Hey
hujan,
Tega
sekali kali ini kamu mengurungku dalam situasi yang tidak menguntungkan sama
sekali. Puasa sendiri, terjebak hujan di kost sedangkan aku ingin membeli
beberapa makanan diluar. Ahh,.. udara mendesir terasa dingin menyentuh daun
telingaku. Rasanya ingin makan enak kali ini, sayang keadaan tidak berpihak
padaku. Mataku melirik mesra 3 bungkus mie sedap goreng dalam lemari yang
memang ku sediakan kalau-kalau ada kejadian (seperti ini).
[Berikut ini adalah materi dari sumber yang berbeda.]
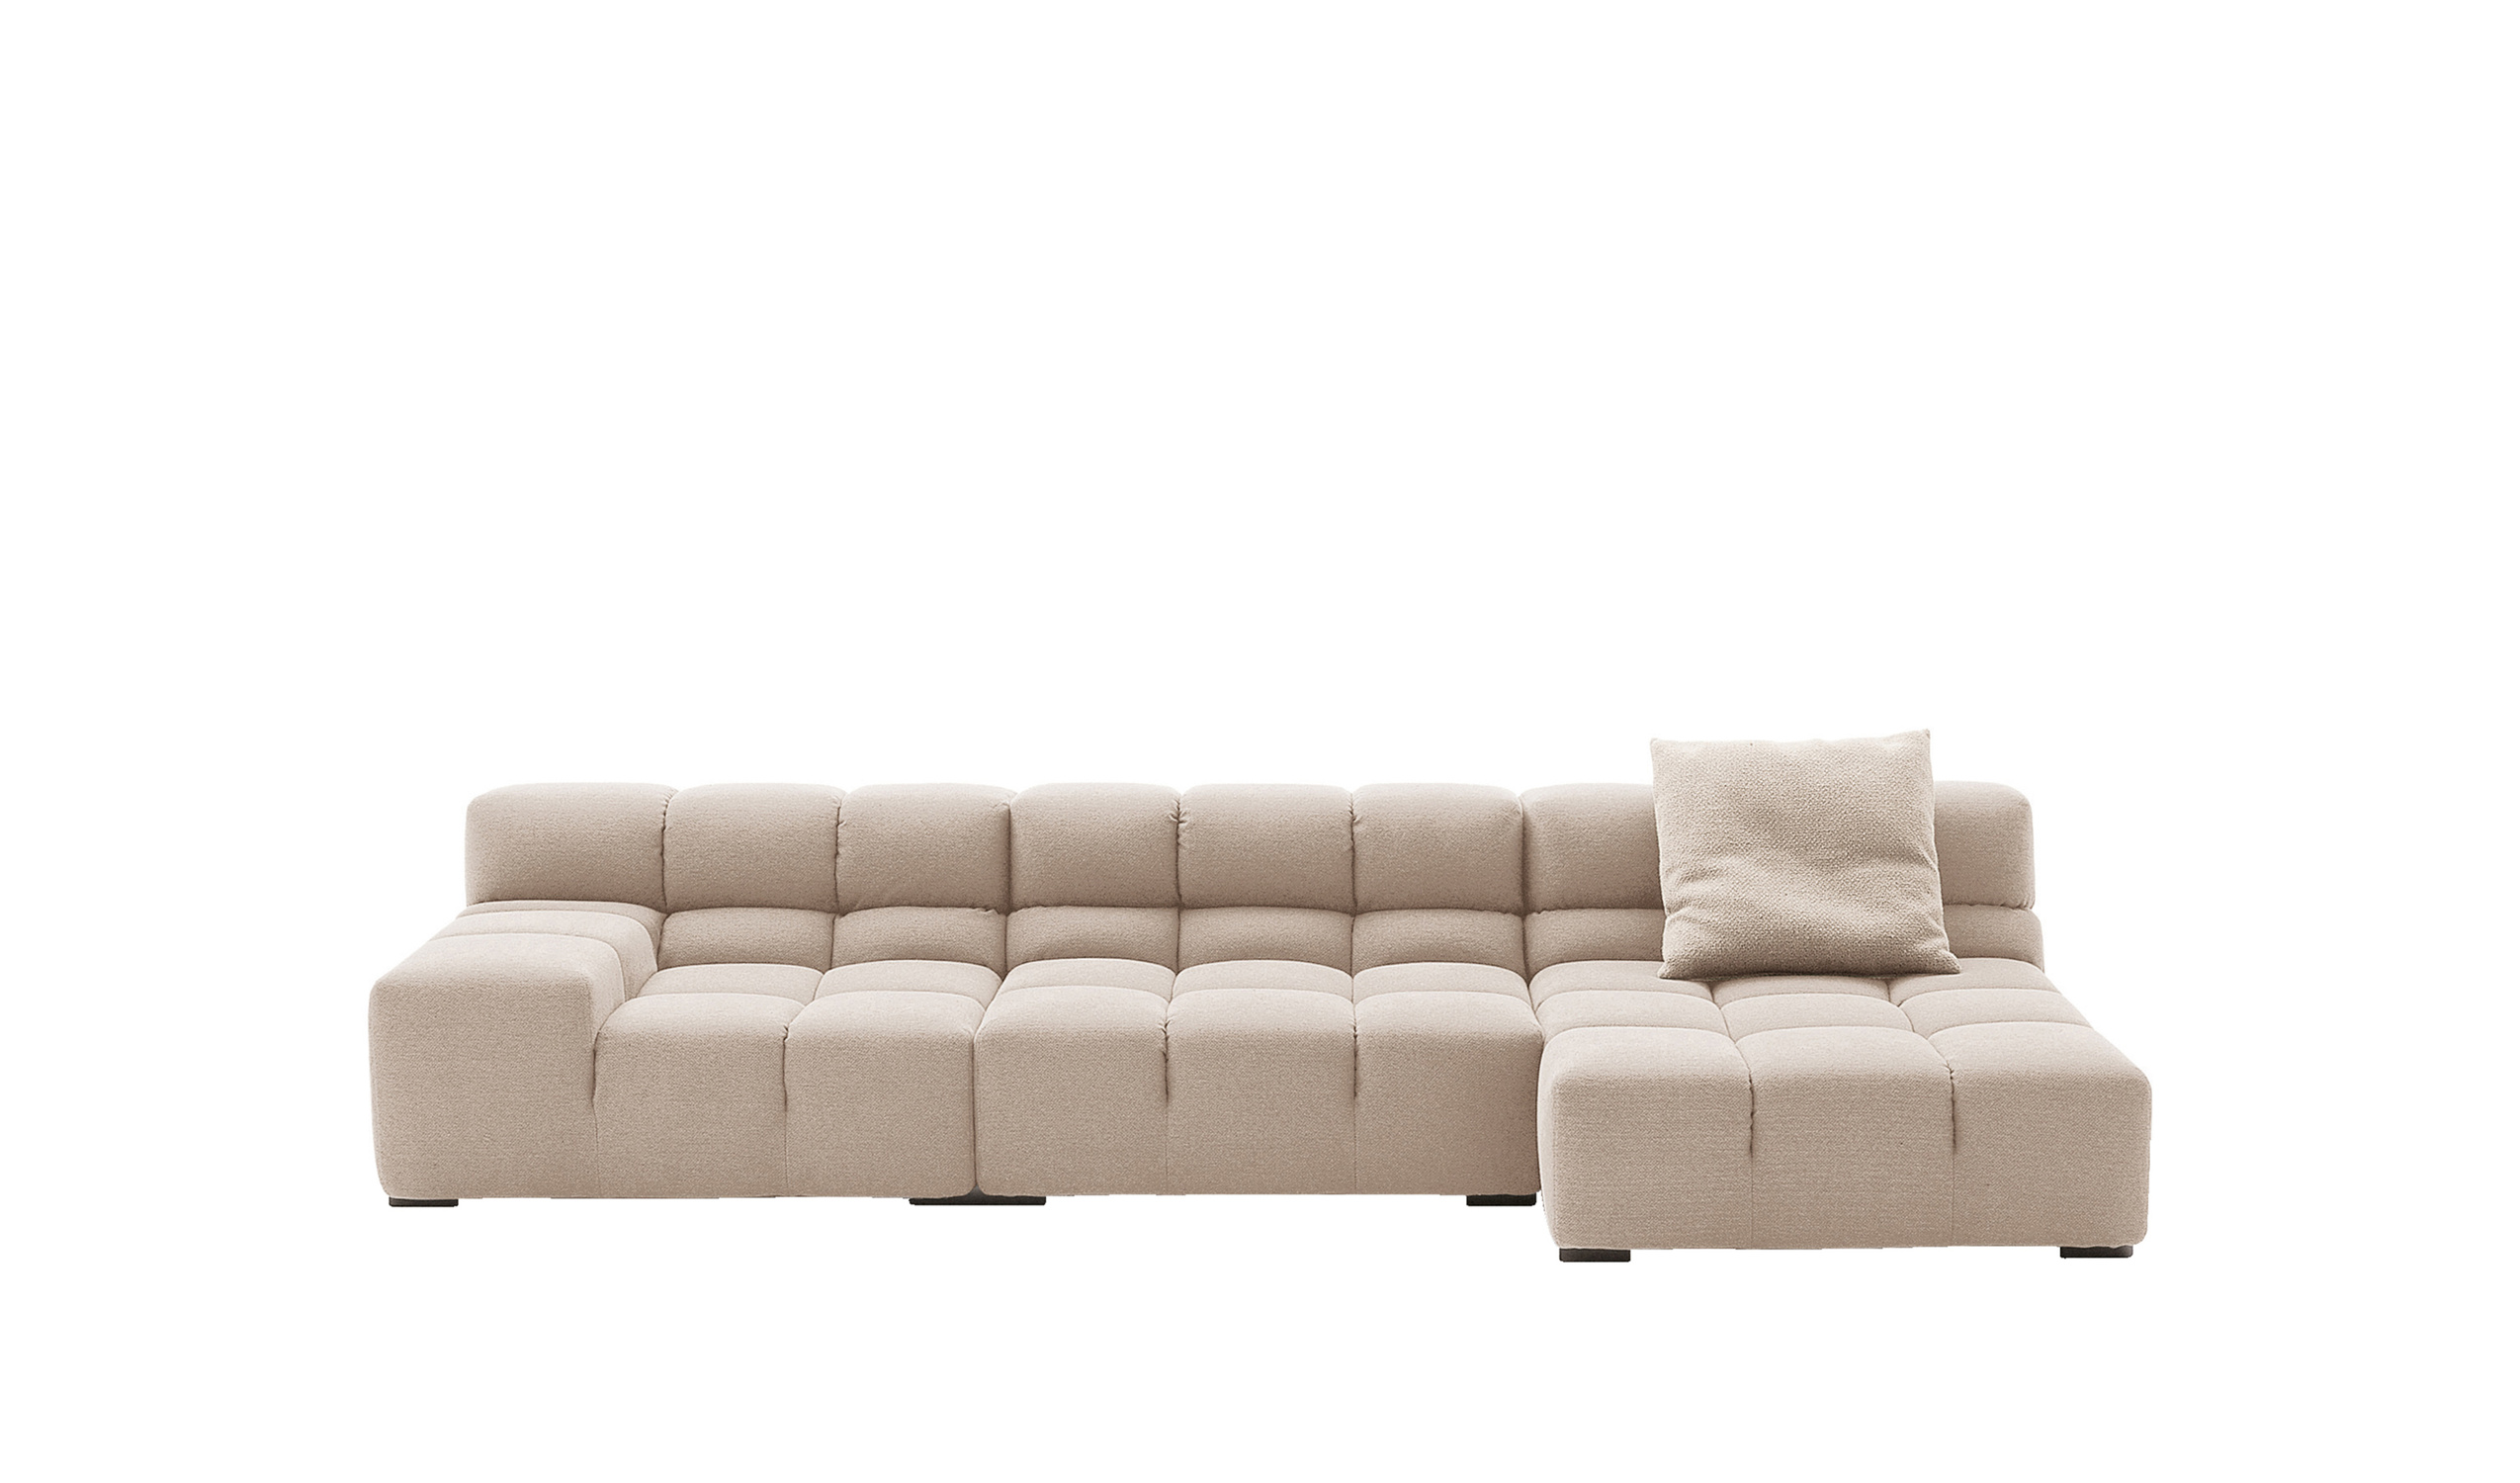 Modern designer italian sofas - Tufty-Time Sofas 3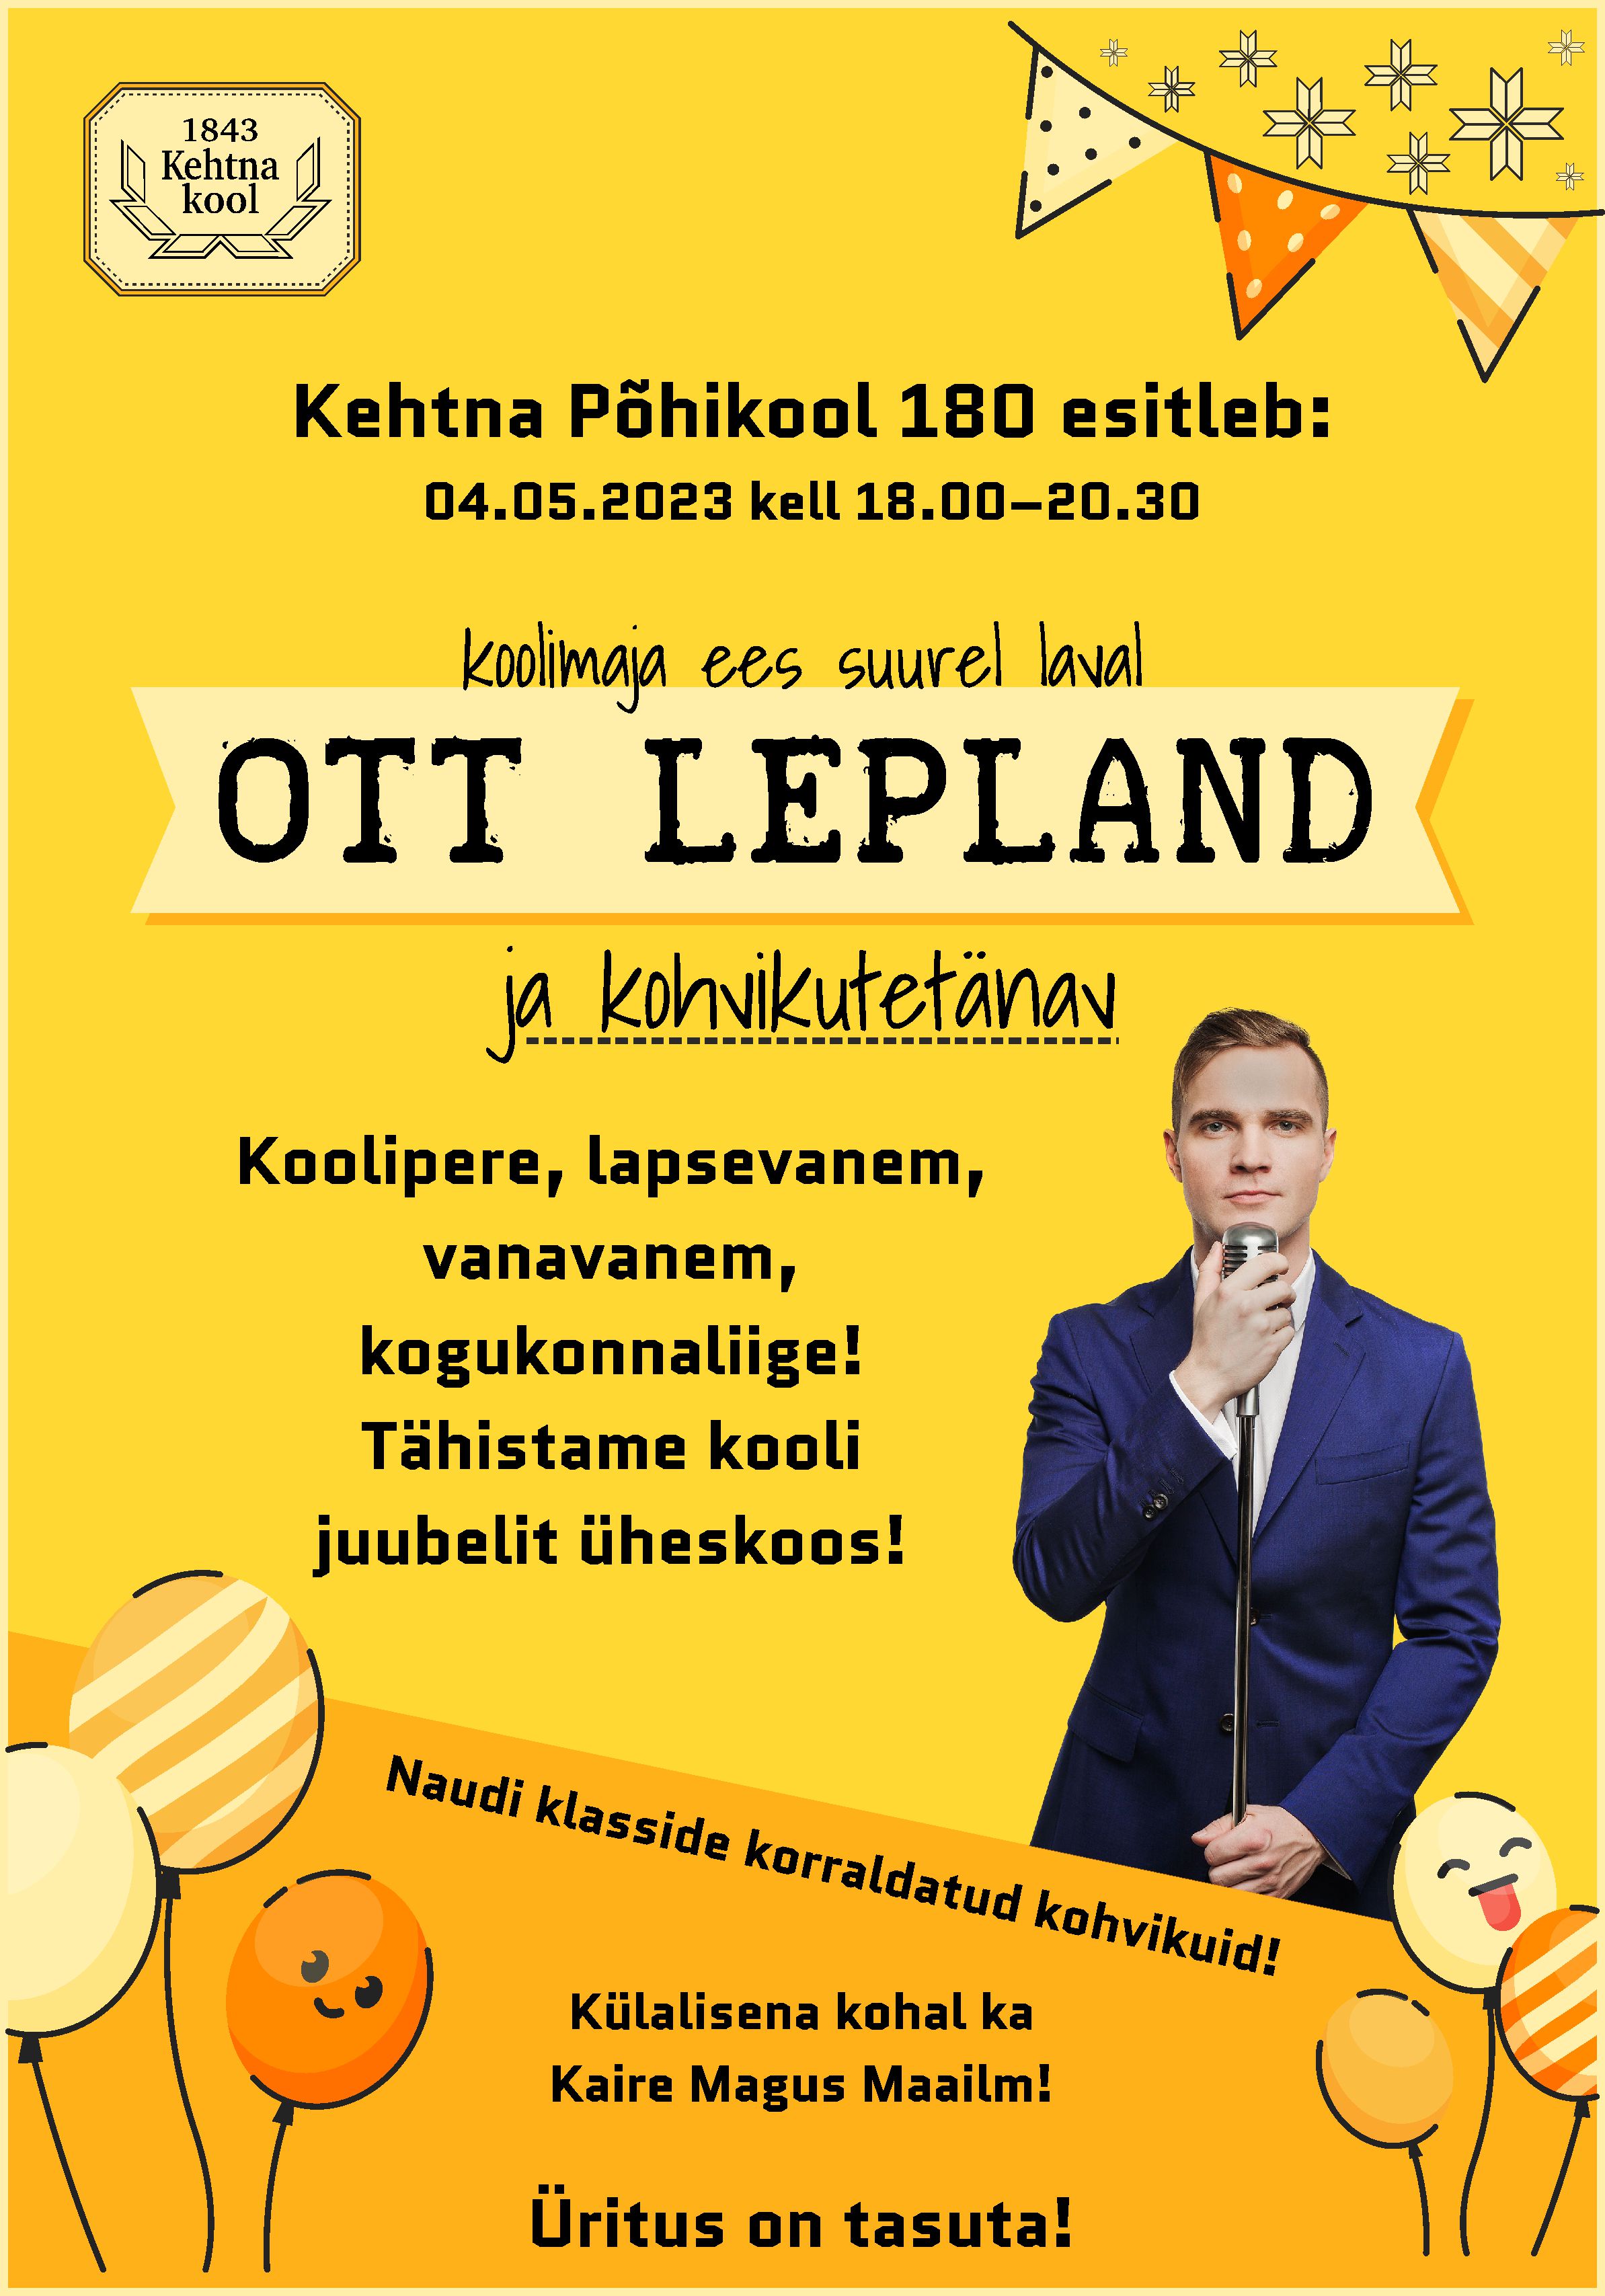 Kehtna Põhikool esitleb: suurel laval Ott Lepland!

Dua bungkus kopi
instan siap seduh juga turut minta ku jamah, ternyata sudah sebulan lebih aku
tidak minum kopi. Fiuhhh... Ku hela napas panjang menatap diriku sendiri
mengenaskan. Hidup macam ini?
Hujan,
apa kamu punya cara membuatku tersenyum kali ini? Menghiburku karna kelakuanmu
yang sedikit menyebalkan sore ini. Aku tidak punya teman rasanya, miris sekali.
Aku kah manusia paling kurang bersyukur di dunia? Entahlah... mungkin saja..
Aku
bingung, mungkin baginya aku seperti memberi tamparan keras dihadapan umum. Aku
benar-benar menganggapnya seperti angin yang berlalu begitu saja, atau seperti
deretan sepedah motor yang terjejer rapi di parkiran. Astagaaa..!! Tega sekali
aku ini. Makhluk macam apa aku ini? Aku membuatnya berharap dan sekarang aku
tak menganggapnya sama sekali. Tapi buatku, kata teman tidak semestinya
berlebihan seperti itu. Haruskah aku sering-sering dekat dengan dia? Bukankah
itu hanya seperti memberi karcis Cuma-Cuma untuk masuk ke dalam hidupku lagi?
Aku tidak mengusirnya, tidak. Hanya aku tidak mau dia terlalu berharap. Aku
tahu aku memustuskan untuk berteman lagi dengan dia, tapi tidak harus dengan
pulang pergi bersama. Tidak. Aku tahu itu tidak akan efektif untuk misi
melupakan. Sungguh cara yang sangat bodoh.